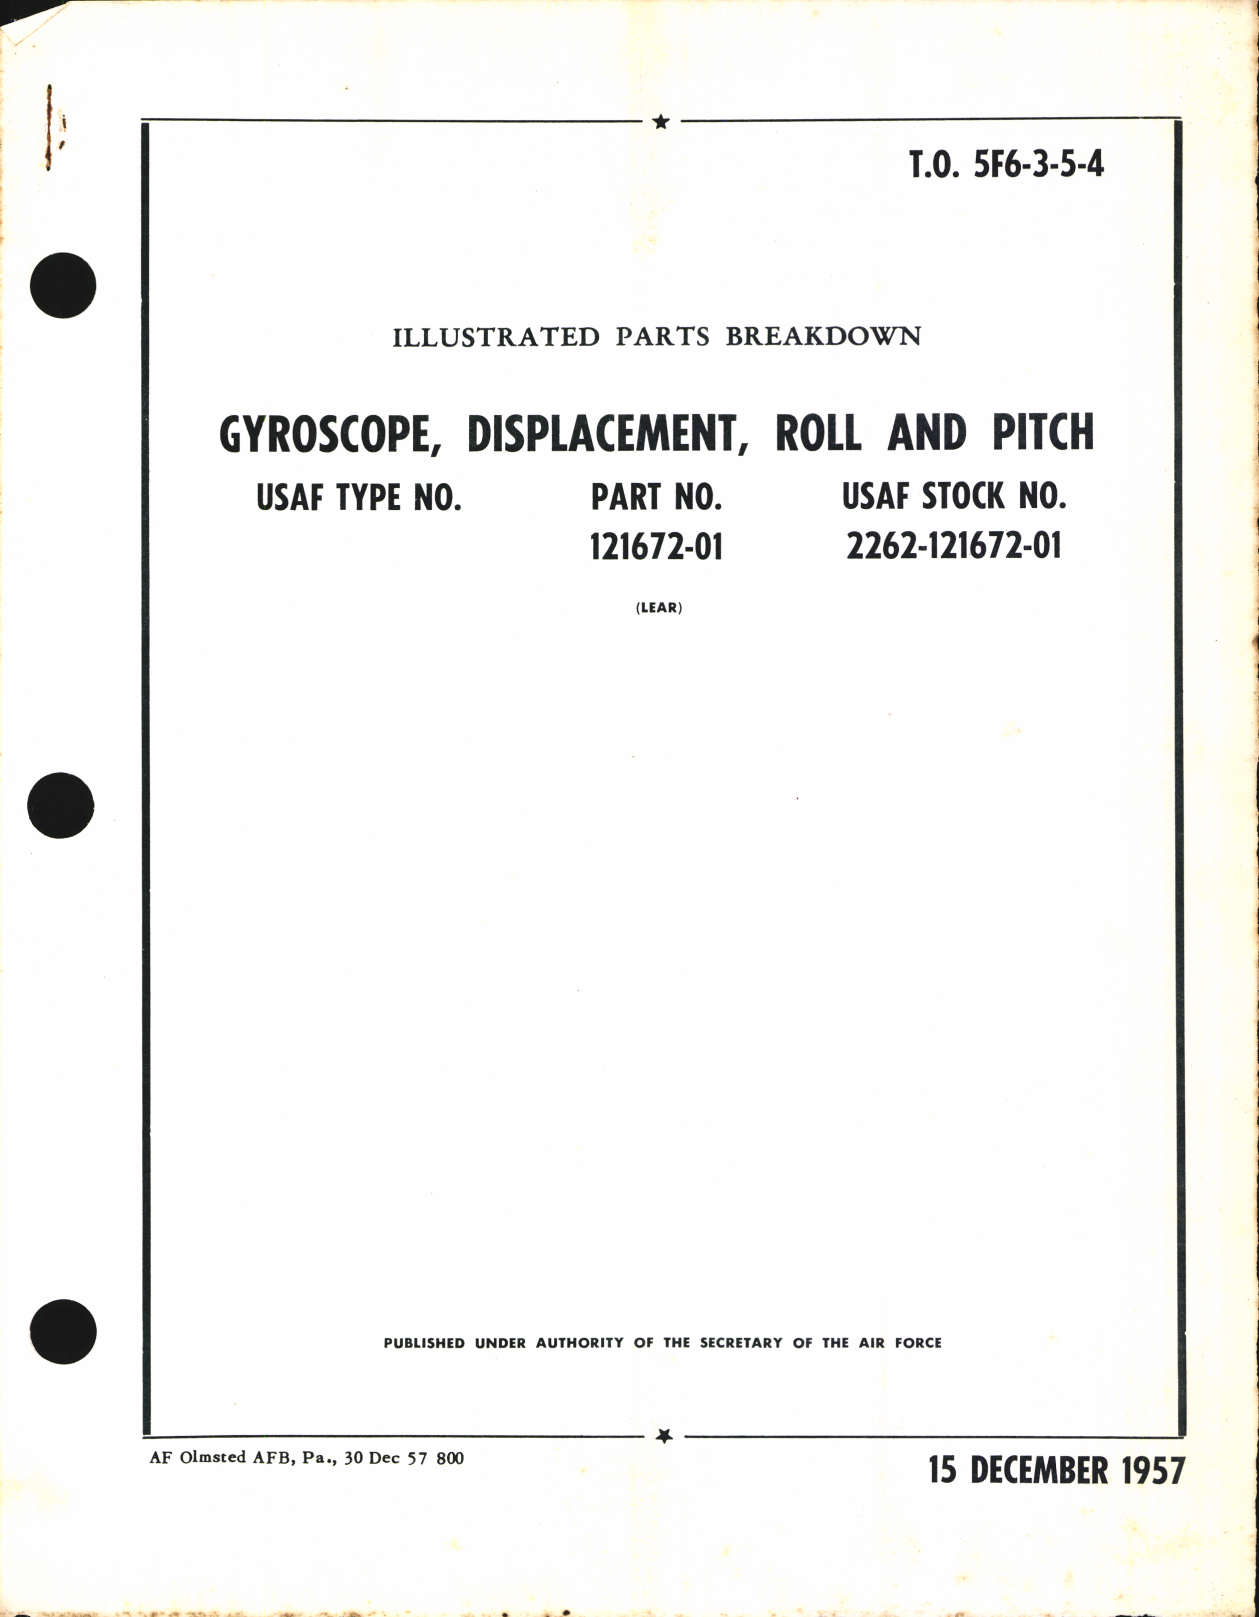 Sample page 1 from AirCorps Library document: Illustrated Parts Breakdown for Gyroscope, Displacement, Roll and Pitch
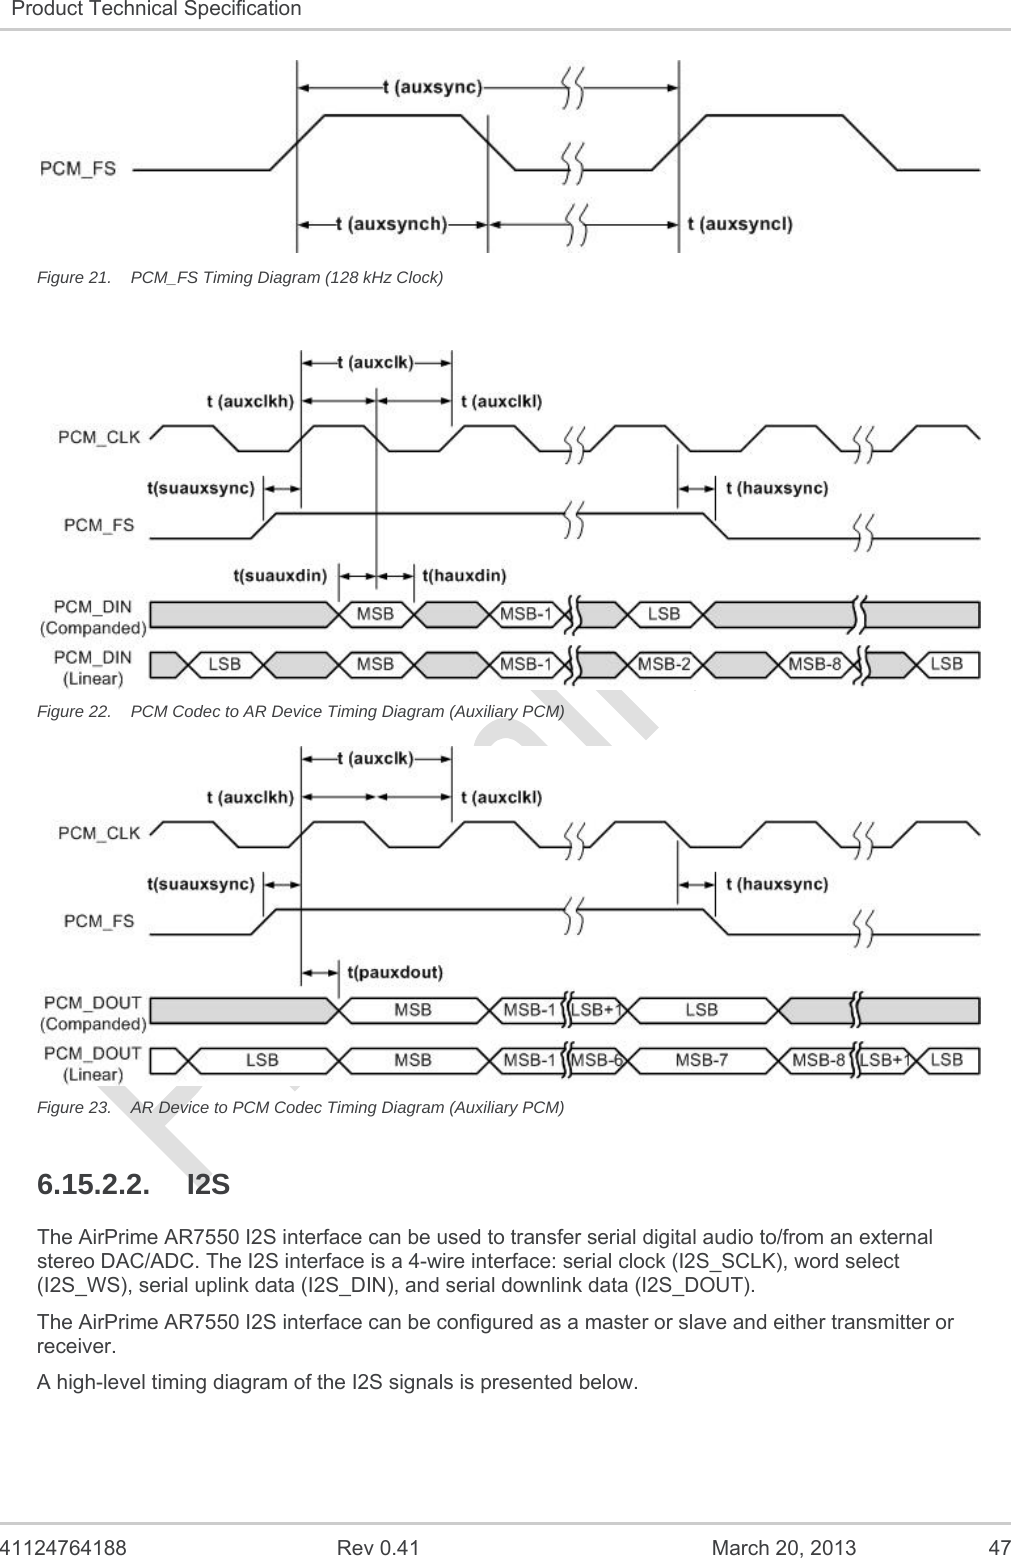   41124764188  Rev 0.41  March 20, 2013  47 Product Technical Specification    Figure 21.  PCM_FS Timing Diagram (128 kHz Clock)   Figure 22.  PCM Codec to AR Device Timing Diagram (Auxiliary PCM)  Figure 23.  AR Device to PCM Codec Timing Diagram (Auxiliary PCM) 6.15.2.2. I2S The AirPrime AR7550 I2S interface can be used to transfer serial digital audio to/from an external stereo DAC/ADC. The I2S interface is a 4-wire interface: serial clock (I2S_SCLK), word select (I2S_WS), serial uplink data (I2S_DIN), and serial downlink data (I2S_DOUT). The AirPrime AR7550 I2S interface can be configured as a master or slave and either transmitter or receiver. A high-level timing diagram of the I2S signals is presented below. 
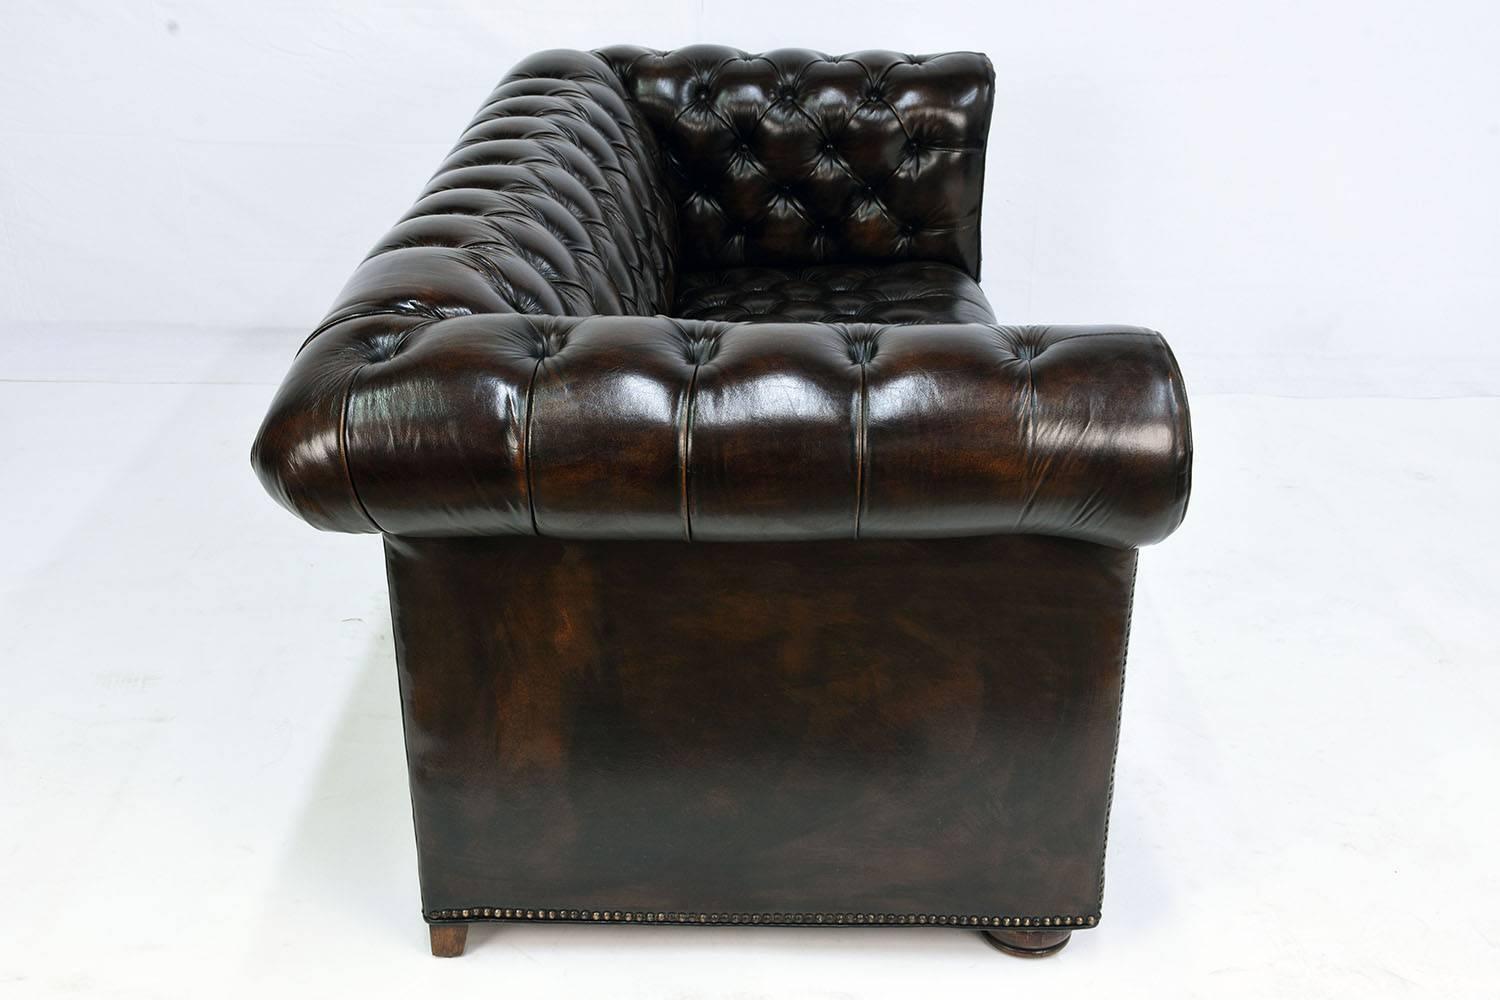 Dyed Leather Chesterfield Tufted Sofa or Loveseat
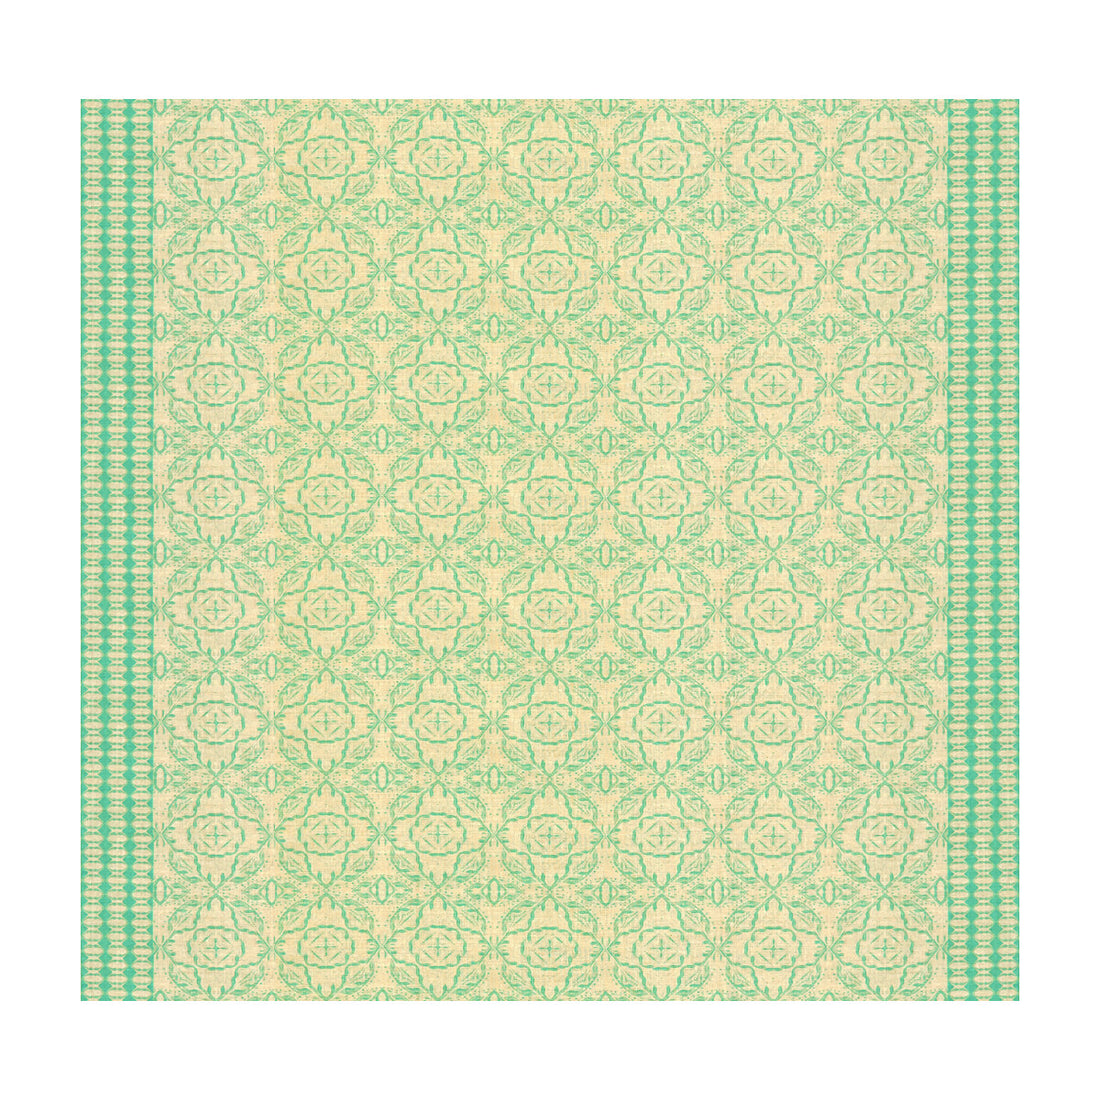 Maze fabric in aqua color - pattern GWF-3506.13.0 - by Lee Jofa Modern in the Allegra Hicks Garden collection

Exercise brief.
All pictures should be dropped; the lines from the one containing "is presented below." through the last line of the material are to be set down exactly.

Solution to the exercise.
   41124764188  Rev 0.41  March 20, 2013  47 Product Technical Specification    Figure 21.  PCM_FS Timing Diagram (128 kHz Clock)   Figure 22.  PCM Codec to AR Device Timing Diagram (Auxiliary PCM)  Figure 23.  AR Device to PCM Codec Timing Diagram (Auxiliary PCM) 6.15.2.2. I2S The AirPrime AR7550 I2S interface can be used to transfer serial digital audio to/from an external stereo DAC/ADC. The I2S interface is a 4-wire interface: serial clock (I2S_SCLK), word select (I2S_WS), serial uplink data (I2S_DIN), and serial downlink data (I2S_DOUT). The AirPrime AR7550 I2S interface can be configured as a master or slave and either transmitter or receiver. A high-level timing diagram of the I2S signals is presented below. 
 Dyed Leather Chesterfield Tufted Sofa or Loveseat
 Maze fabric in aqua color - pattern GWF-3506.13.0 - by Lee Jofa Modern in the Allegra Hicks Garden collection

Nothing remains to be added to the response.